Task description: What is needed is an exact copy of the data below, pictures excluded.

Stored data:

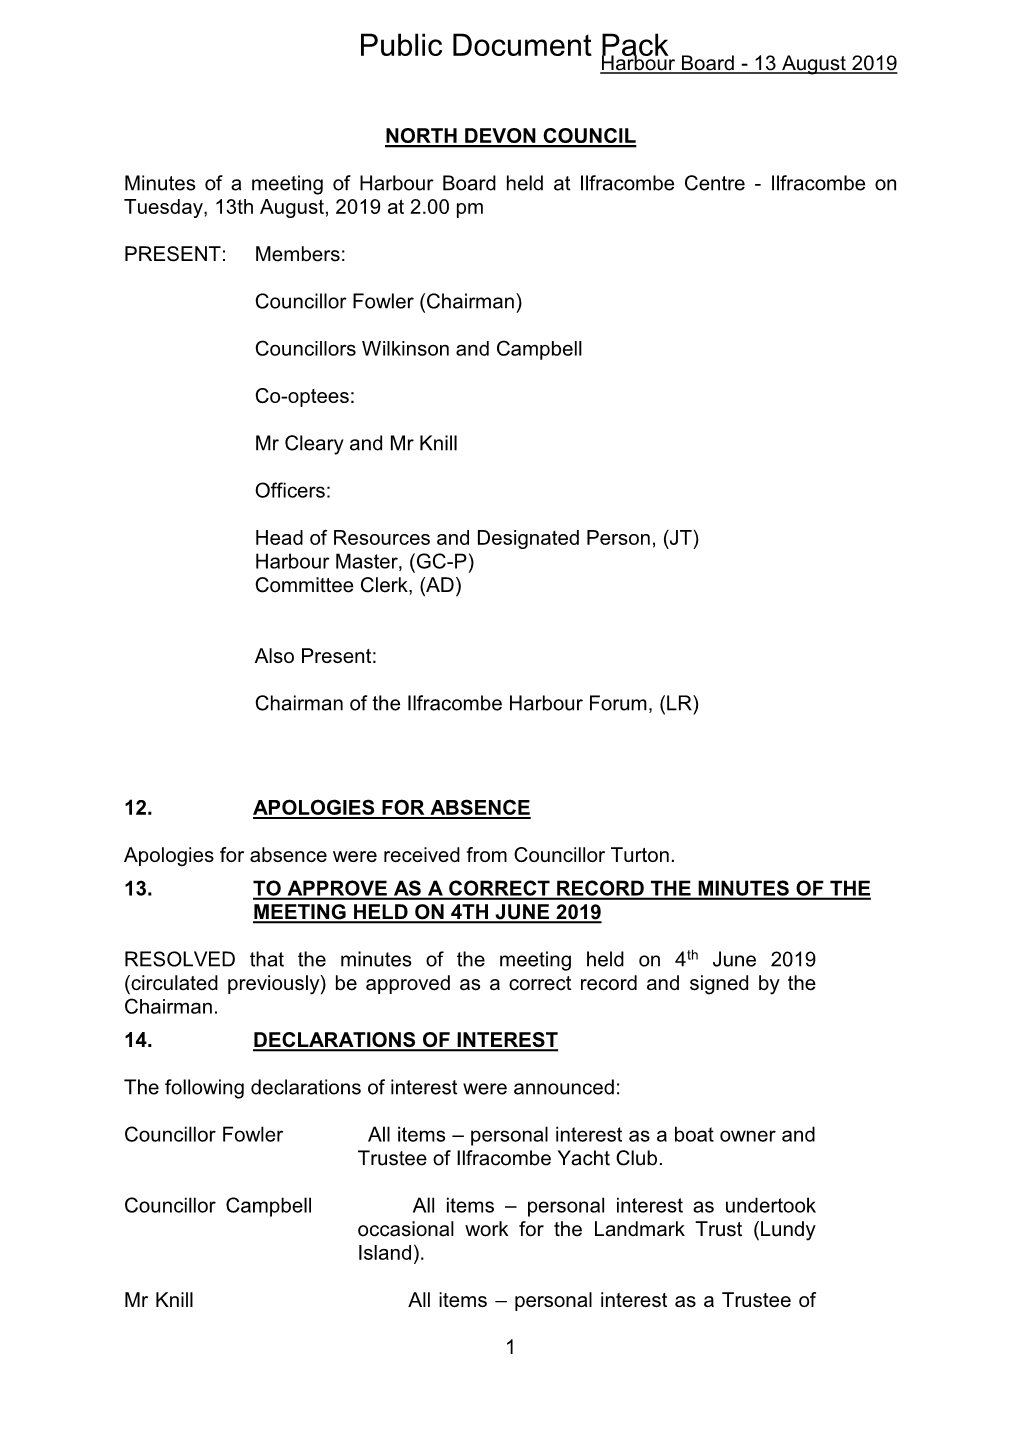 (Public Pack)Minutes Document for Harbour Board, 13/08/2019 14:00
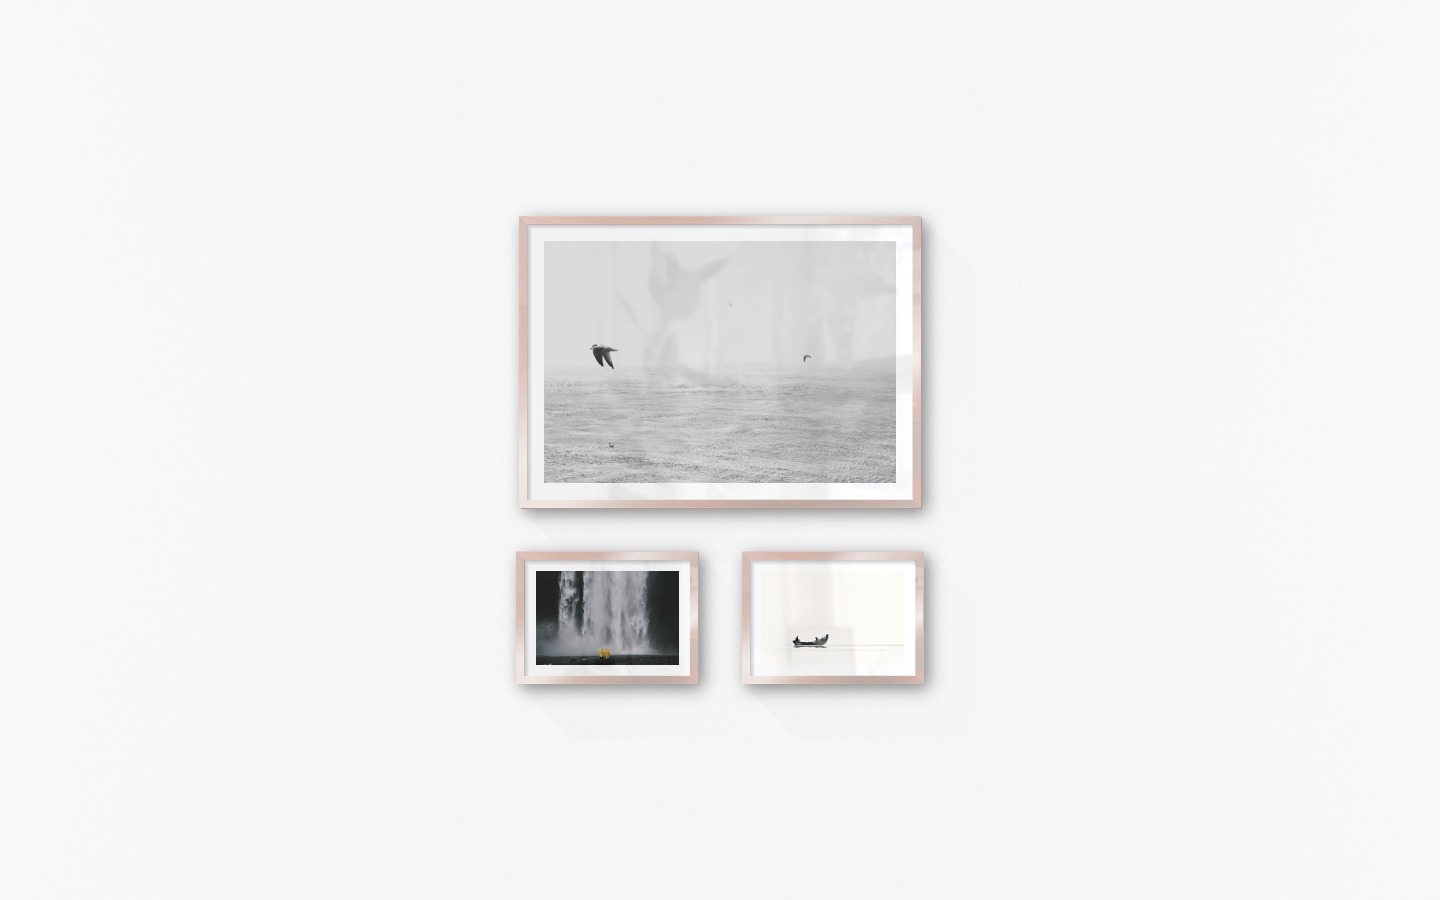 Gallery wall with picture frames in copper in sizes 50x70 and 21x30 with prints "Birds over the sea", "Waterfall with people" and "People in boat"
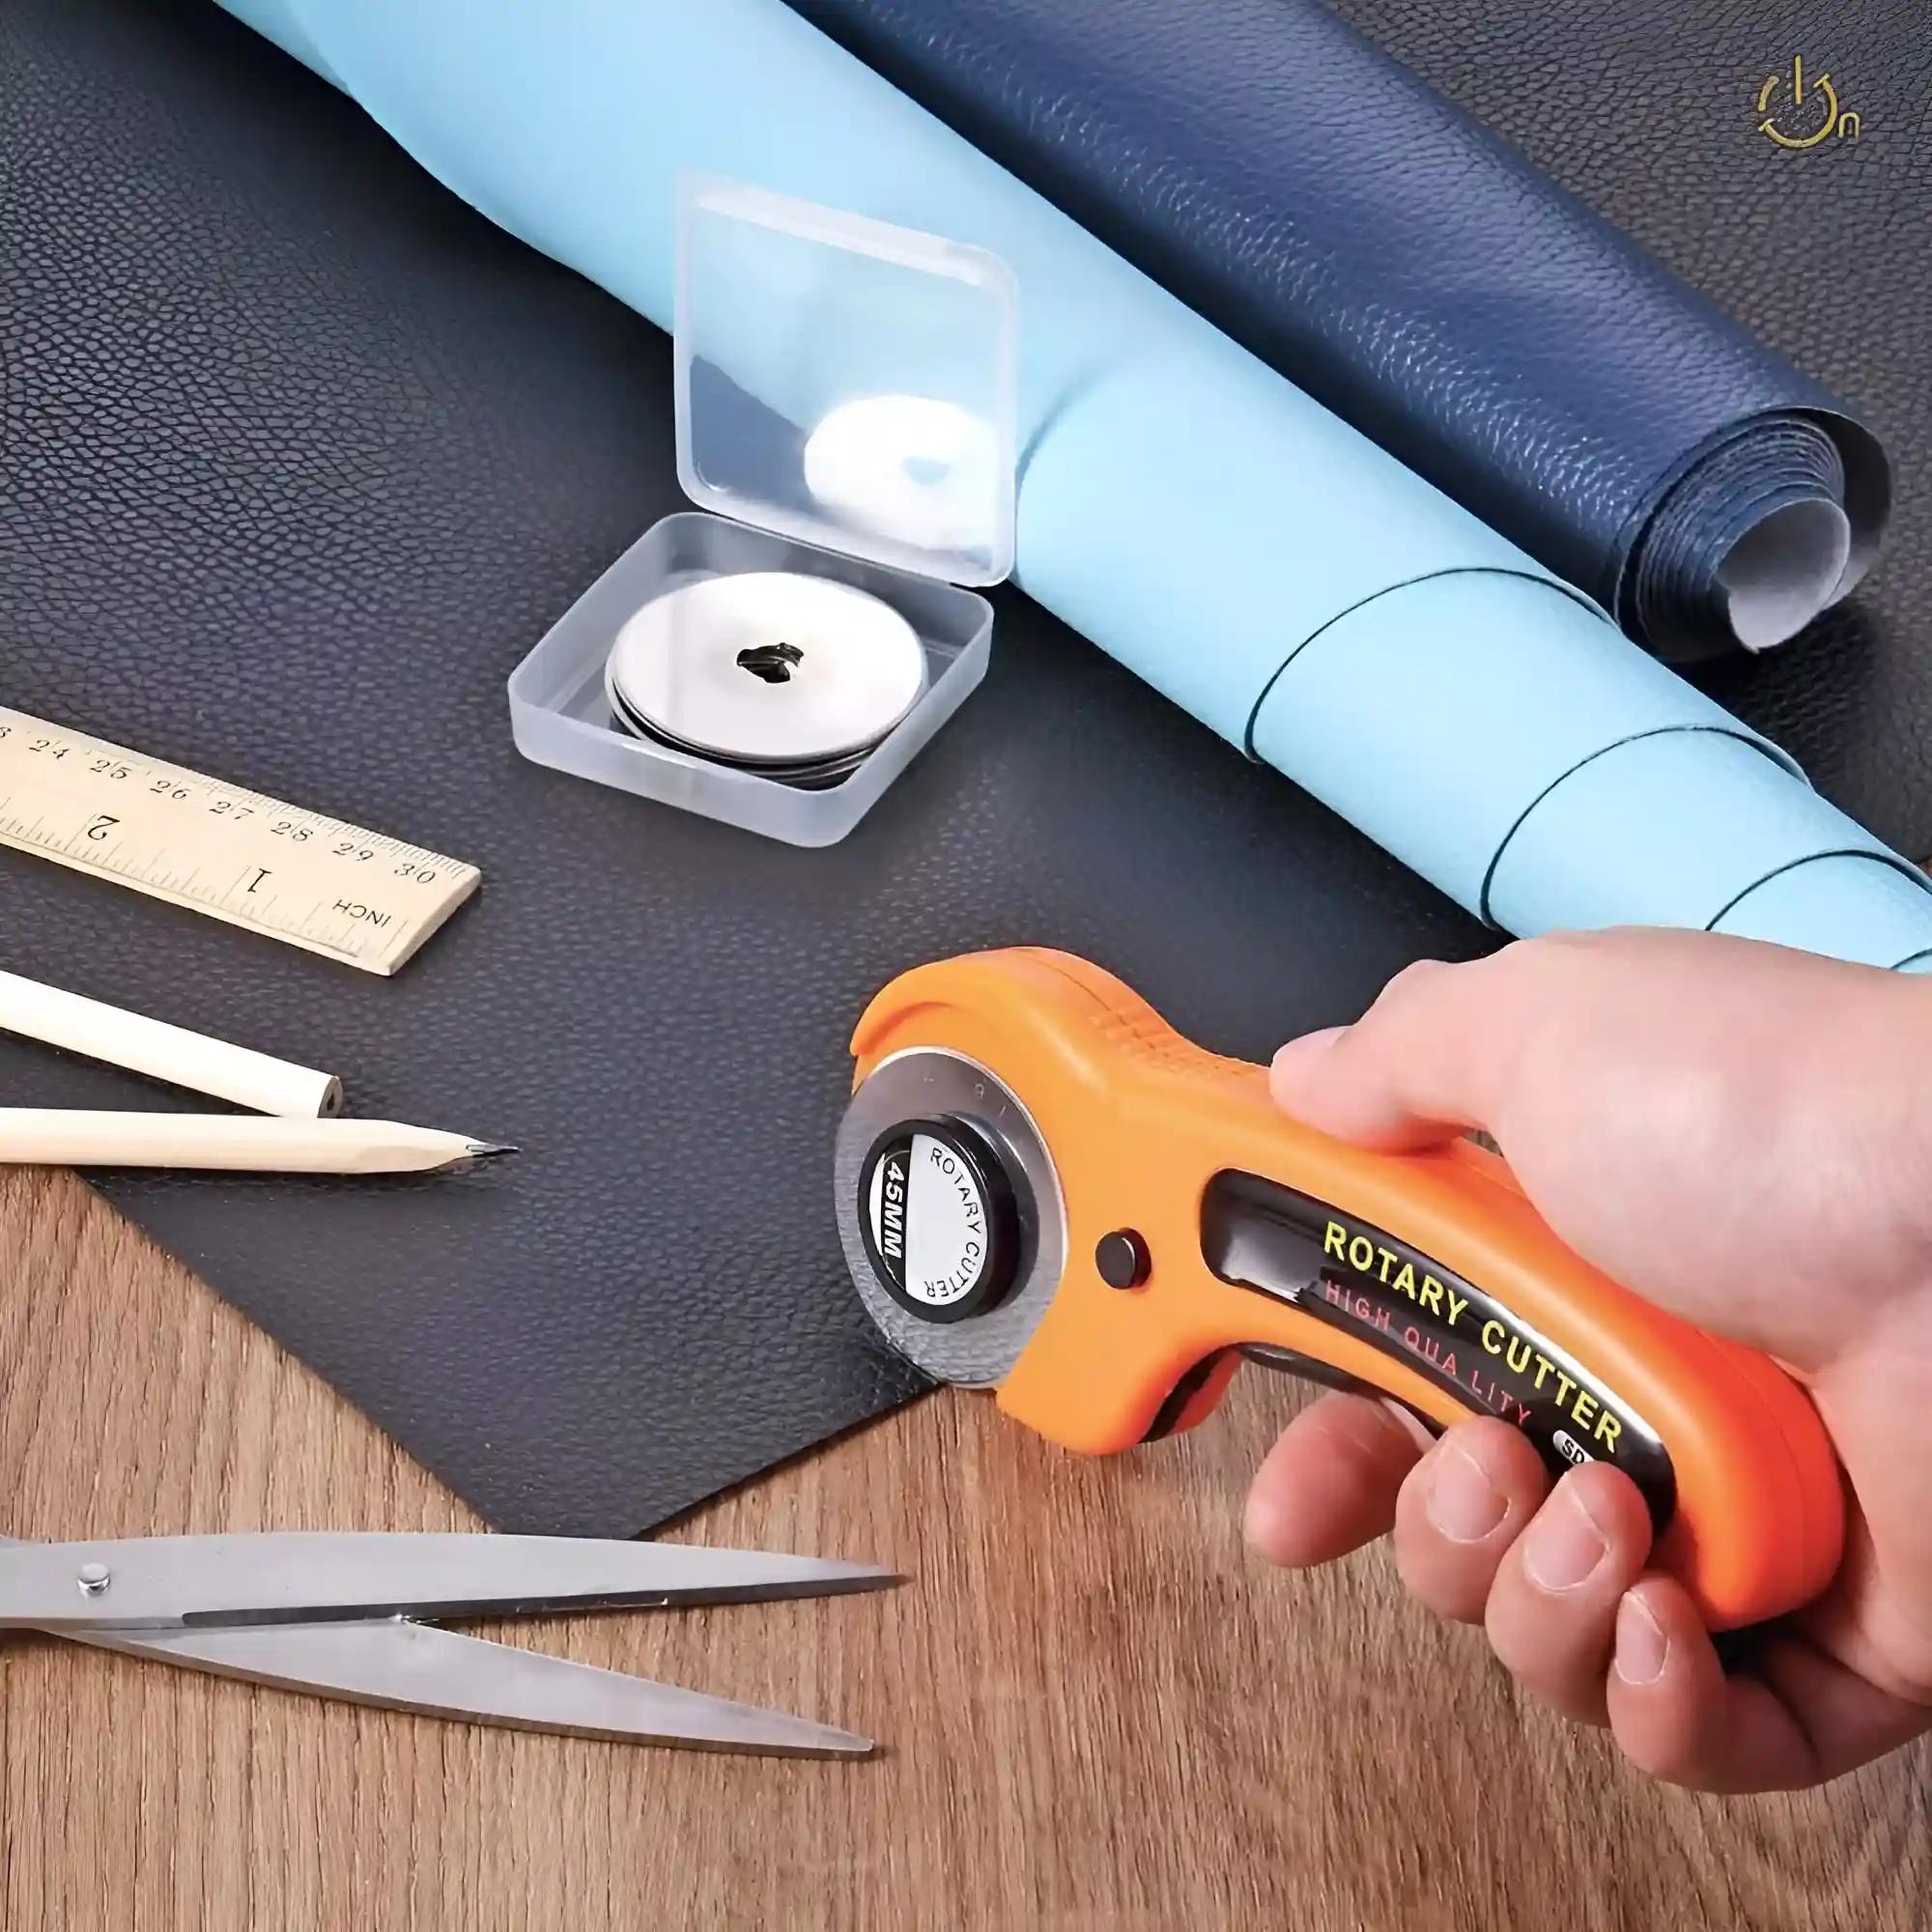 45Mm Blade Rotary Cutter With Safety Lock Cloth Cutting Tool Fabric Cutter Wheel Rotary Cutter Blade For Dense Fabrics Denim Corduroy And Multiple Projects (Multicolour -1Piece)
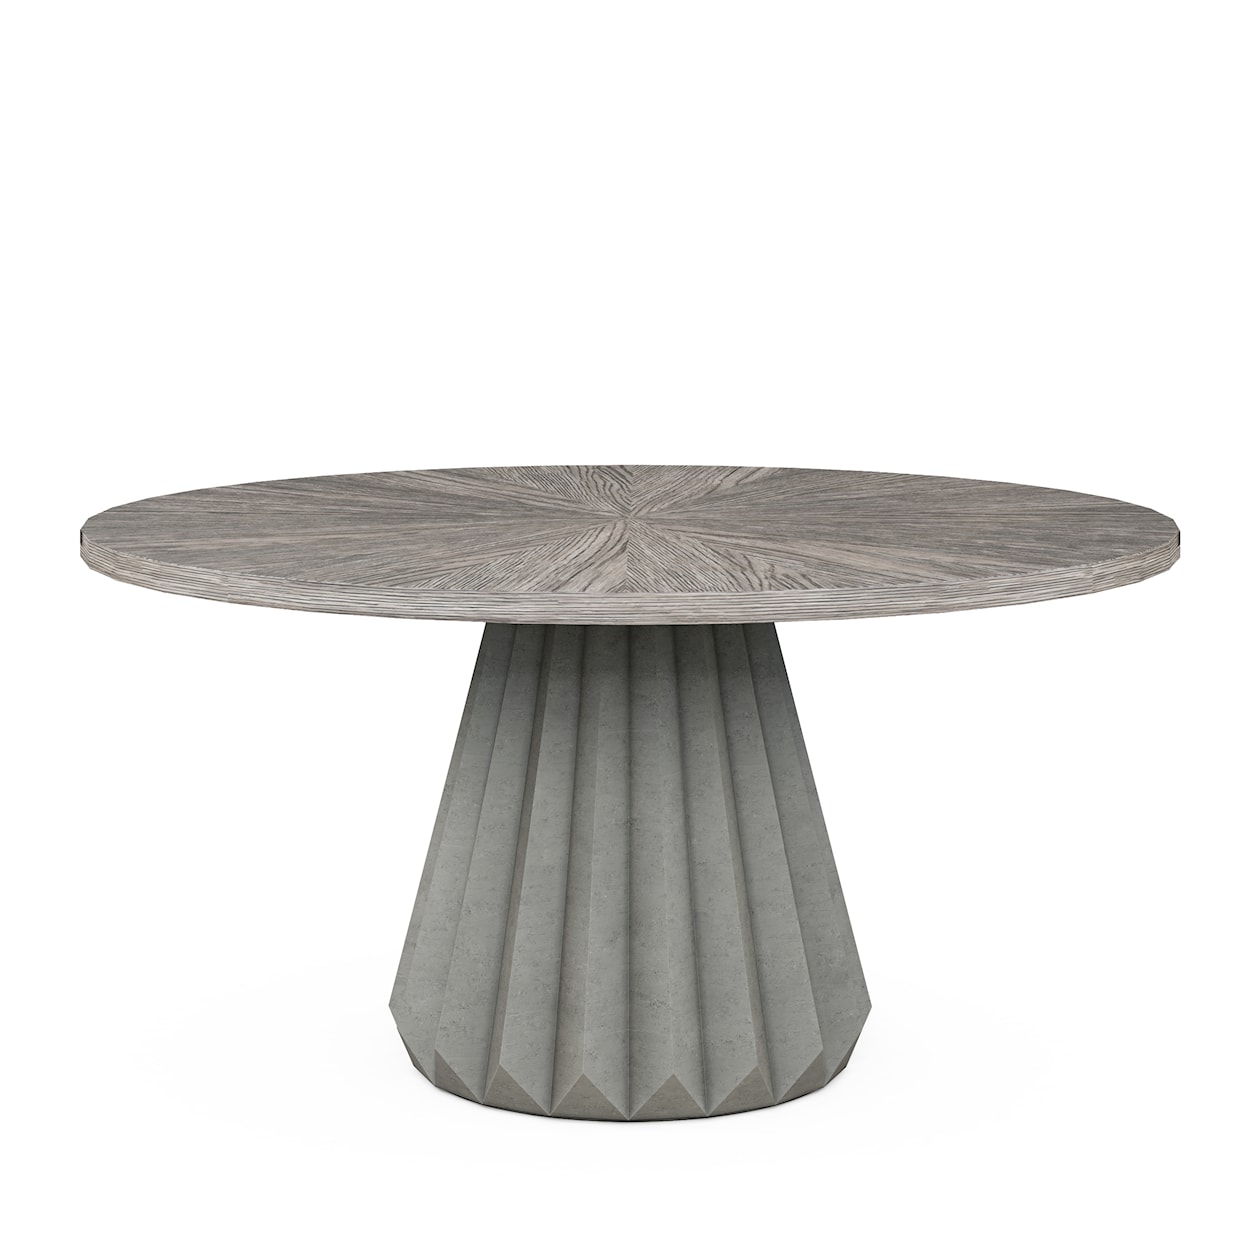 A.R.T. Furniture Inc Vault Round Dining Table

Result for this exercise:
 (Public Pack)Minutes Document for Harbour Board, 13/08/2019 14:00
 Gallery wall with picture frames in copper in sizes 50x70 and 21x30 with prints "Birds over the sea", "Waterfall with people" and "People in boat"
 45Mm Blade Rotary Cutter With Safety Lock Cloth Cutting Tool Fabric Cutter Wheel Rotary Cutter Blade For Dense Fabrics Denim Corduroy And Multiple Projects (Multicolour -1Piece)
 A.R.T. Furniture Inc Vault Round Dining Table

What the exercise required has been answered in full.